A Real estate investment strategy is defined as a set of rules, behaviors or procedures, designed to guide an investor's selection of an investment portfolio. The strategy will be designed based on the investor's risk-return tradeoff. some investors will prefer to maximize risk expected returns by investing in risky assets, others will prefer to minimize risk, but most will select a strategy somewhere in between.
Passive strategies are often used to minimize transaction costs and market timing .One of the better-known investment strategies is buy and hold. Buy and hold is a long term investment strategy that give a good rate of return .
The investment strategy can be divided into following categories.They are
- Bargain purchase You have to purchase the property for at least 20% below current value in the real estate market.

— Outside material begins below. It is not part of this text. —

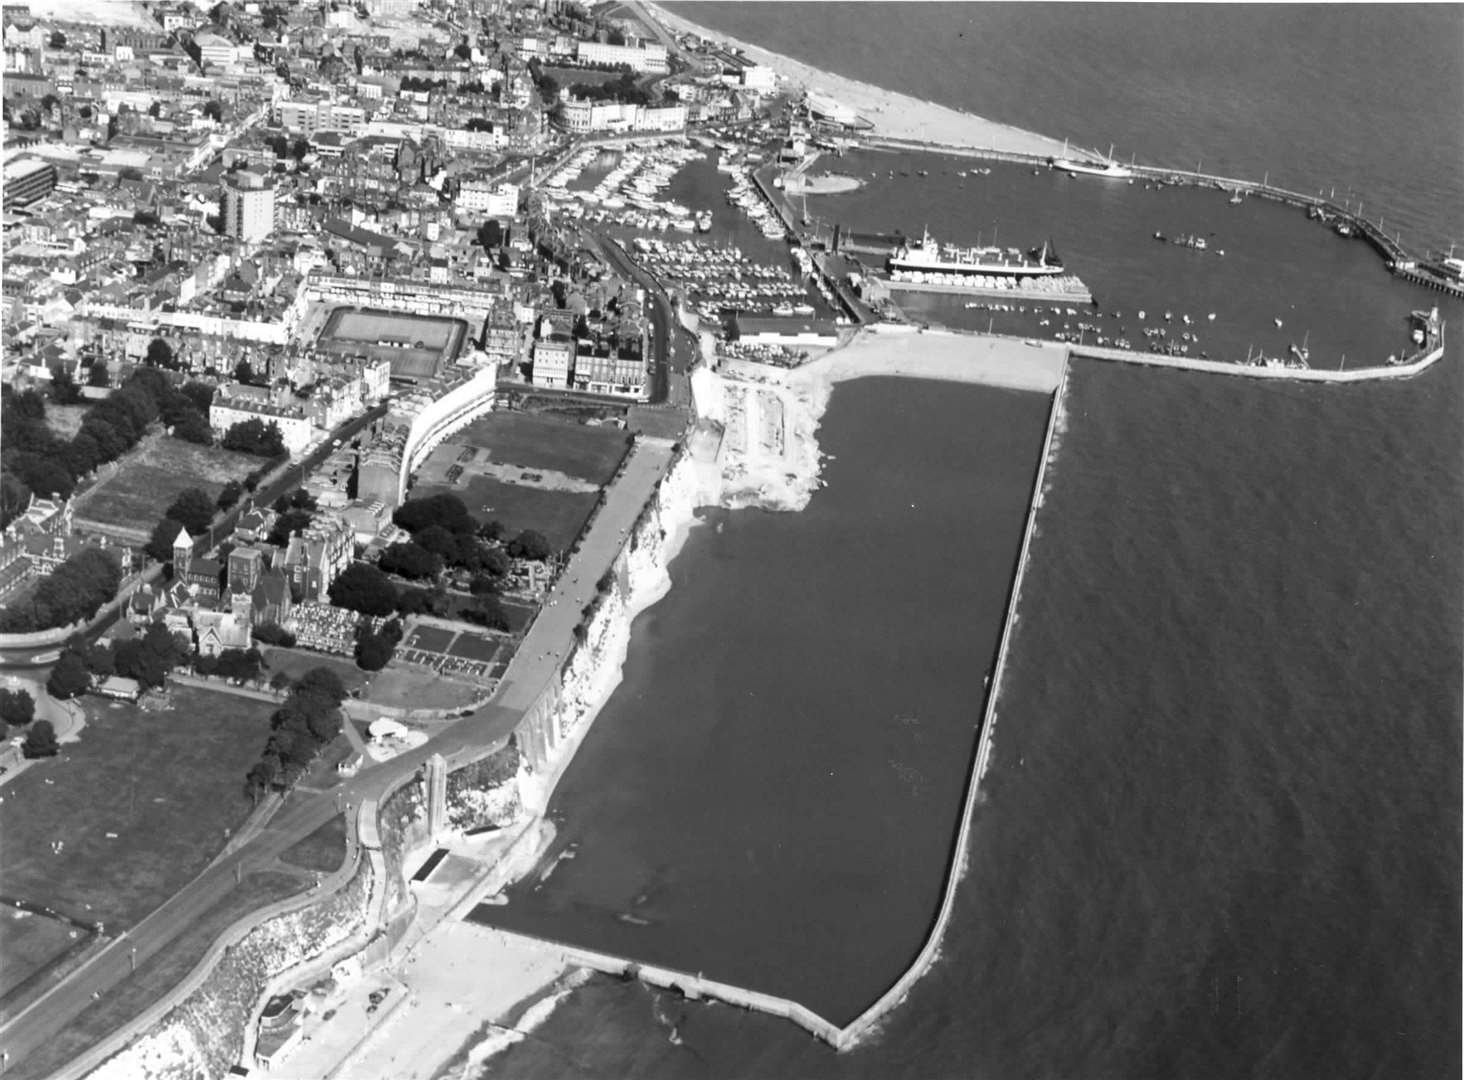 A bird's-eye view of Ramsgate in 1979. The large lido is in the foreground, with the Royal Harbour beyond

- Increase value you must buy a property for the current market value.You have to select the properties which have some potential.After purchase do some modifications in order to increase the market value at least 20% within six months
- double-digit cap rate. you have to buy the building on terms of capitalization rate at least 10% or more. The capitalization rate is the net operating income divided by the purchase price. If their is no bargain purchase, then double-digit cap rates are very hard to find. They generally only occur in depressed markets or in small market .
- discount price Focus on buying properties which can easily be put on rent.Look for a property that is available at a discounted price.
- Invest real estate funds If you are not an expert of real estate then invest in real estate funds.